Dataset Analysis (CounterAnimals): Using OCCAM with an Oracle selector reveals that the performance drop on the Counter subset compared to the Common subset in the CounterAnimals dataset is not solely attributable to spurious backgrounds. A significant performance gap remains even after the background is masked out, suggesting the Counter subset might contain inherently harder foreground object instances, challenging the dataset’s original interpretation.
OCCAM’s Role: Positioned primarily as an analysis tool for evaluating OCL representations and dataset biases, not proposed as a new SOTA classification model itself.

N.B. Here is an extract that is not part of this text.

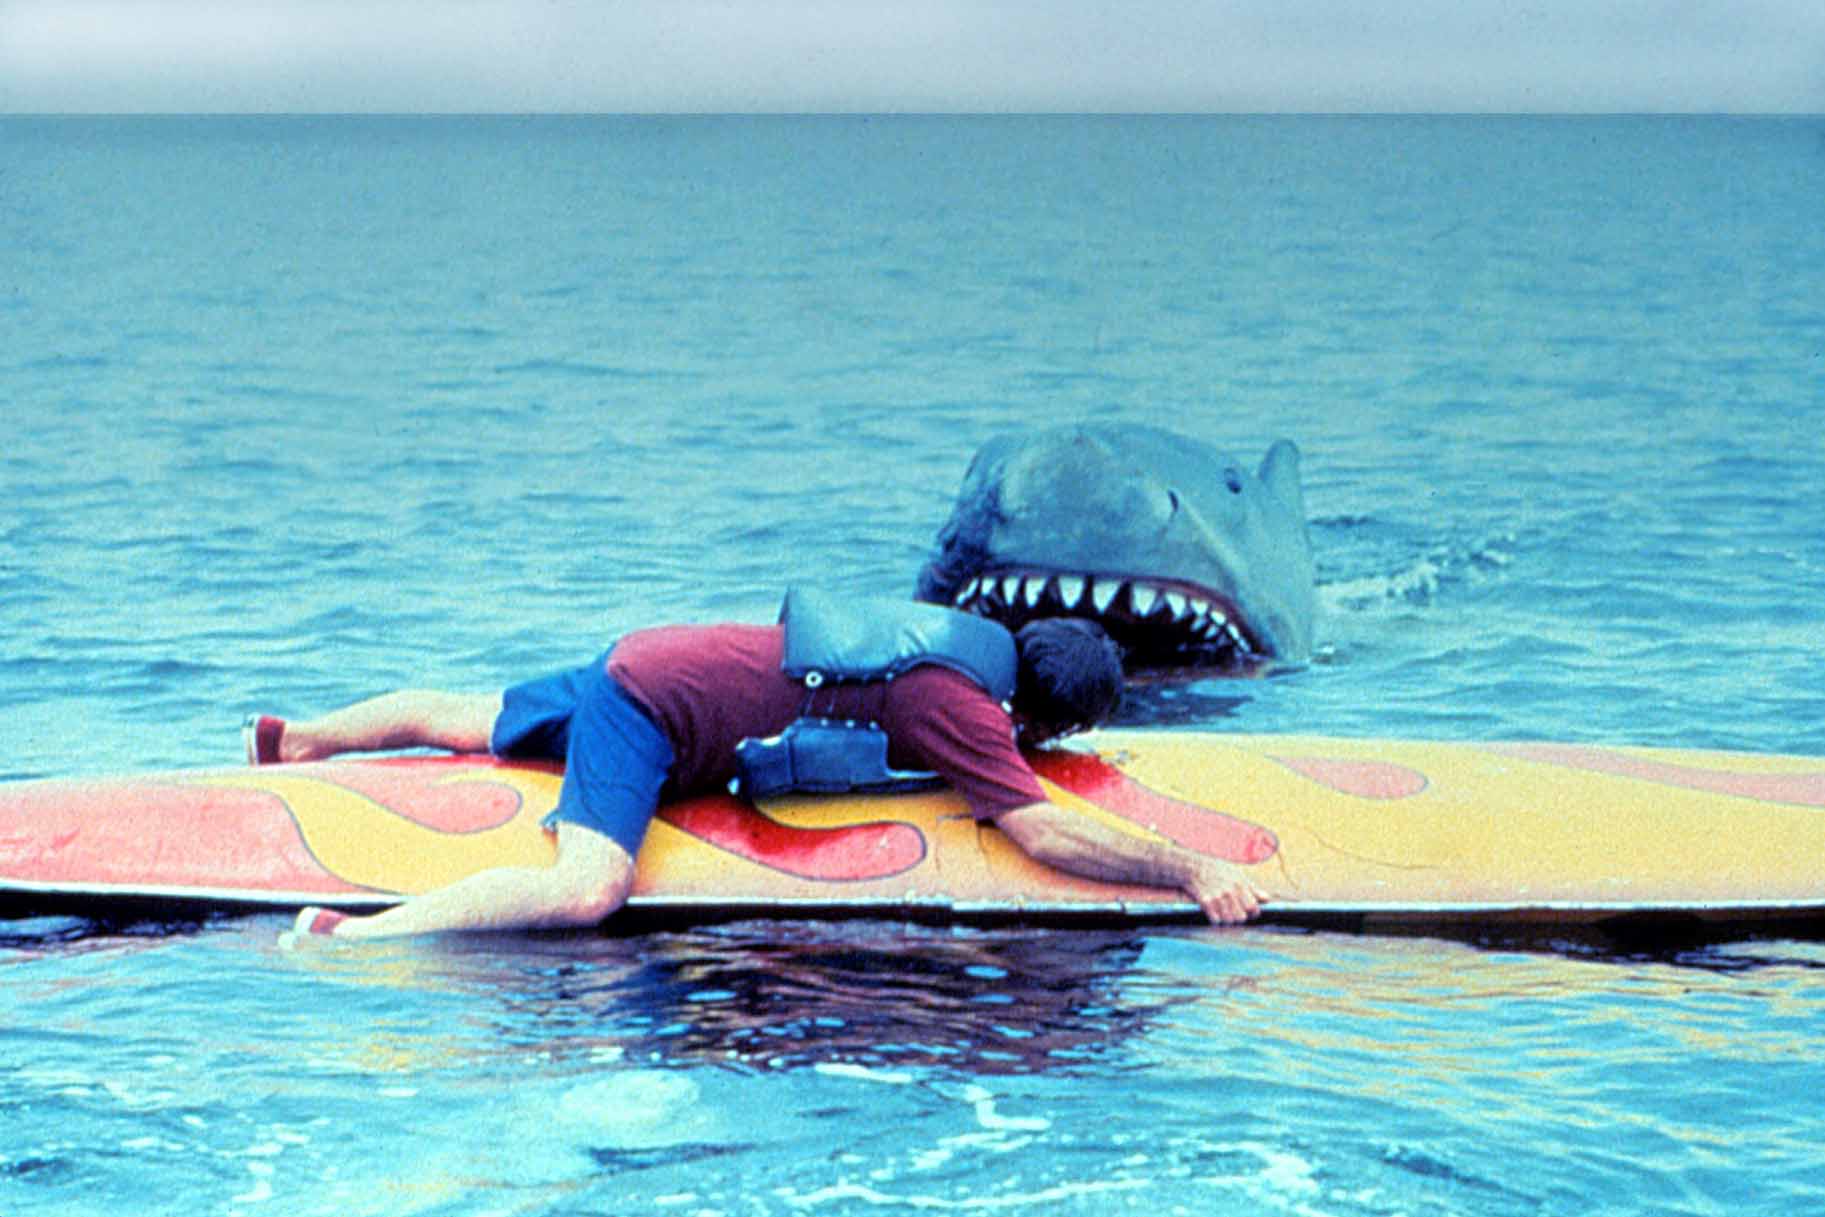 A Deep Dive into the Weird World of the Jaws Sequels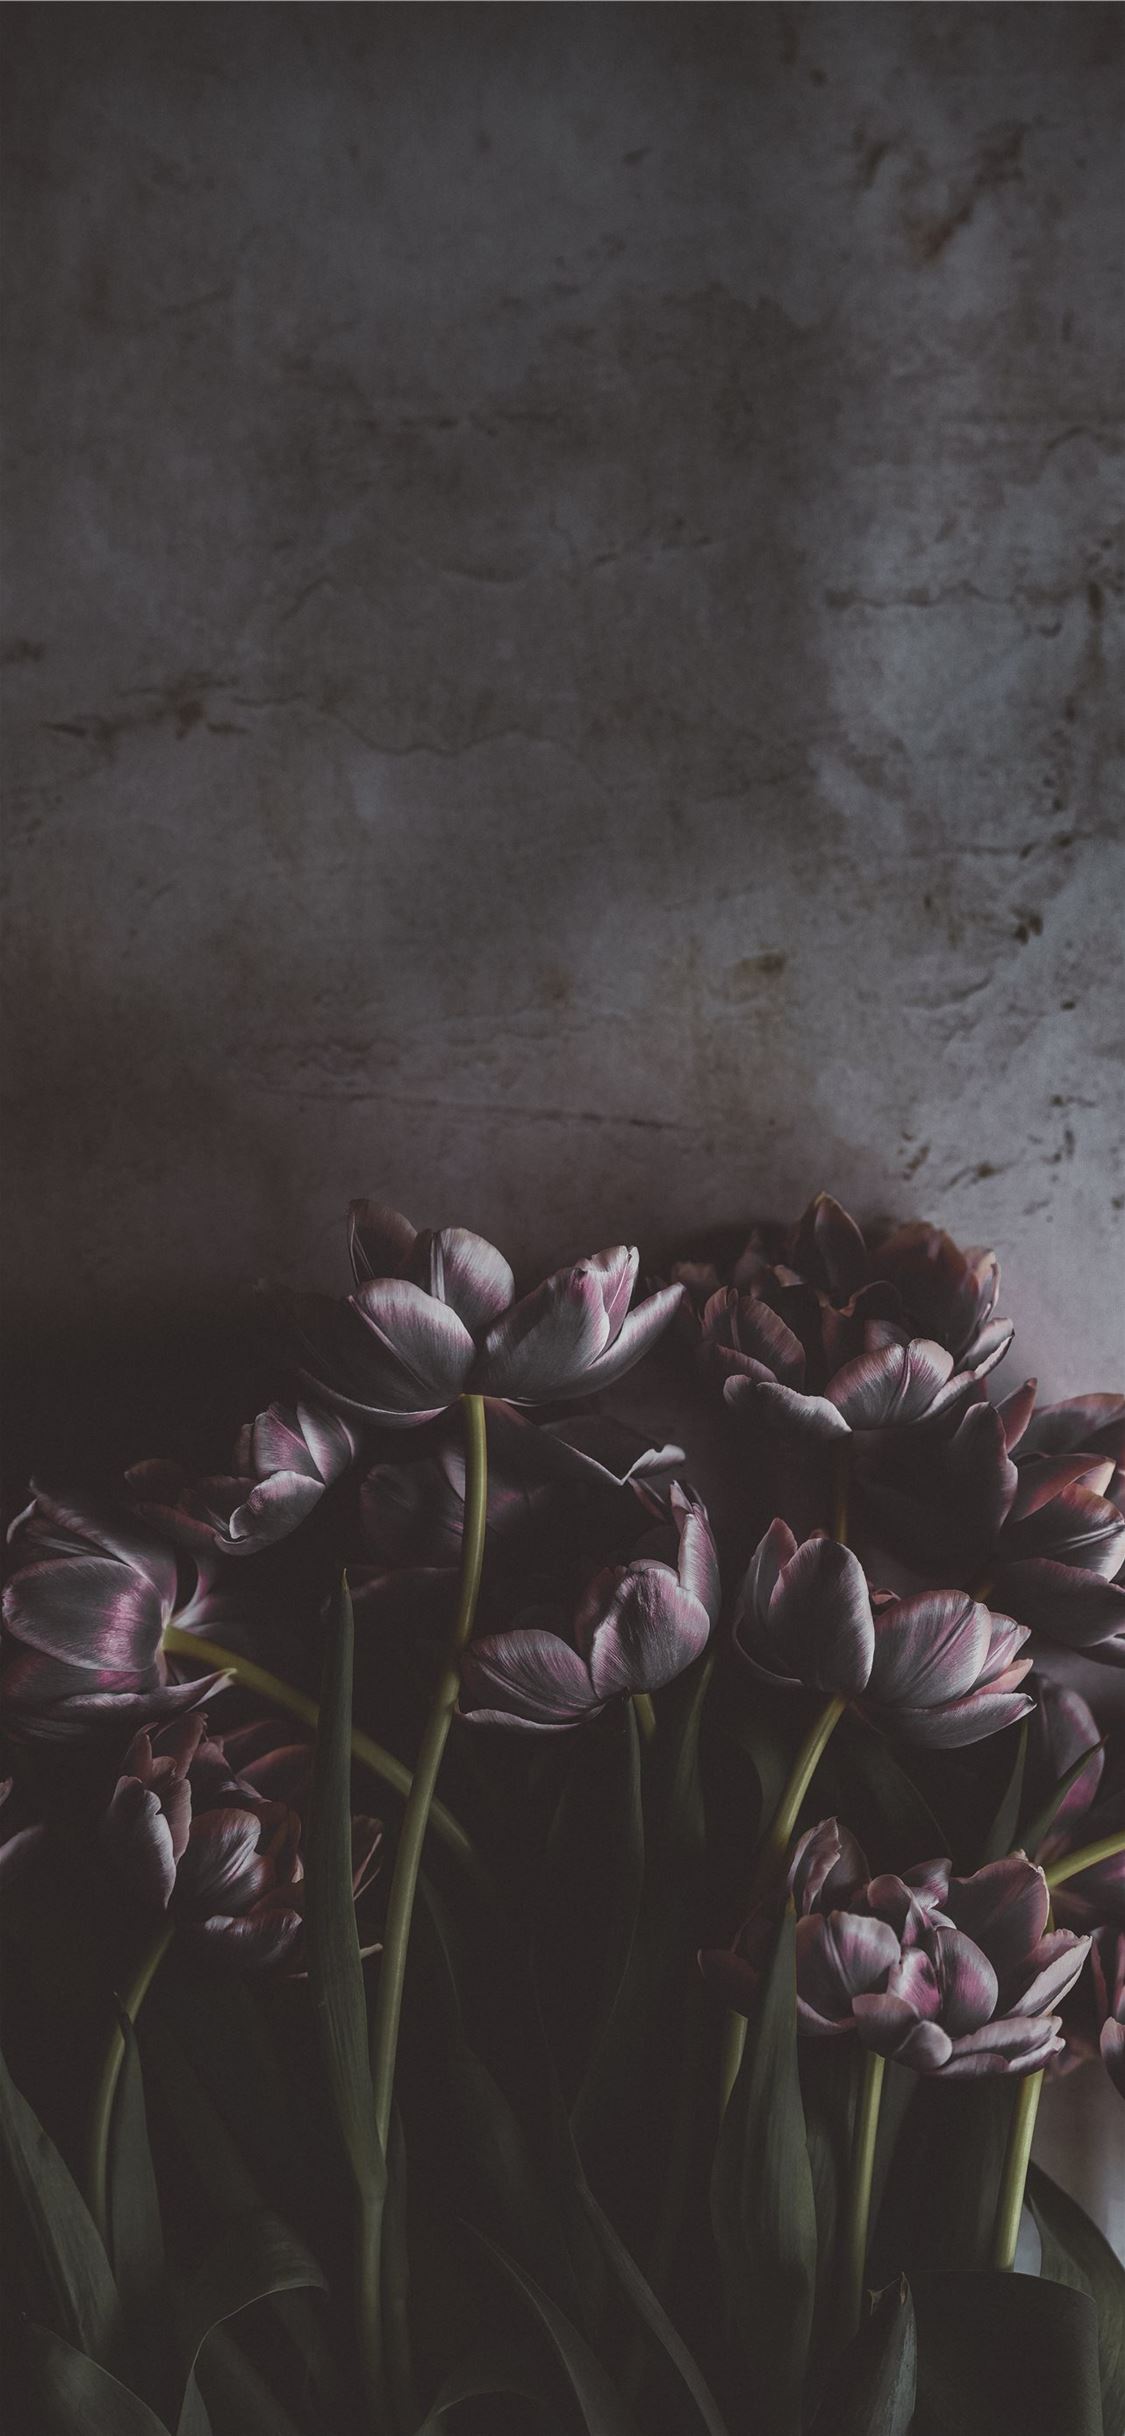 Vintage Style Wallpaper, Red and White Flowers on Black Background |  lifencolors

Comments & Outlook: The Future of OCL

The paper delivers a strong message: with powerful segmentation tools readily available, the OCL community should pivot away from optimizing unsupervised object discovery/segmentation mechanisms. Instead, the focus should shift towards:

Leveraging Existing Object Representations: Utilize the high-quality object masks/representations provided by models like HQES/SAM to tackle the fundamental, challenging downstream tasks that originally motivated OCL (OOD generalization, compositionality, reasoning, causality, etc.).
Solving Robust Object Selection: Develop effective and robust mechanisms for selecting the relevant foreground object(s) from the output of segmentation models, as this is identified as the key bottleneck.
Rethinking Benchmarks: Design new benchmarks and evaluation protocols that directly measure progress on the core goals of OCL (e.g., compositional reasoning, causal understanding) rather than relying solely on segmentation metrics (like ARI). OCCAM can serve as a tool in this process.
Bridging to Cognition: Explore OCL’s role in understanding biological intelligence (e.g., infant object perception), potentially incorporating more developmentally plausible learning signals like multimodal data or interaction.

The authors provide the OCCAM toolbox as a resource to facilitate this shift and encourage the community to collectively advance OCL towards solving these deeper, more impactful problems.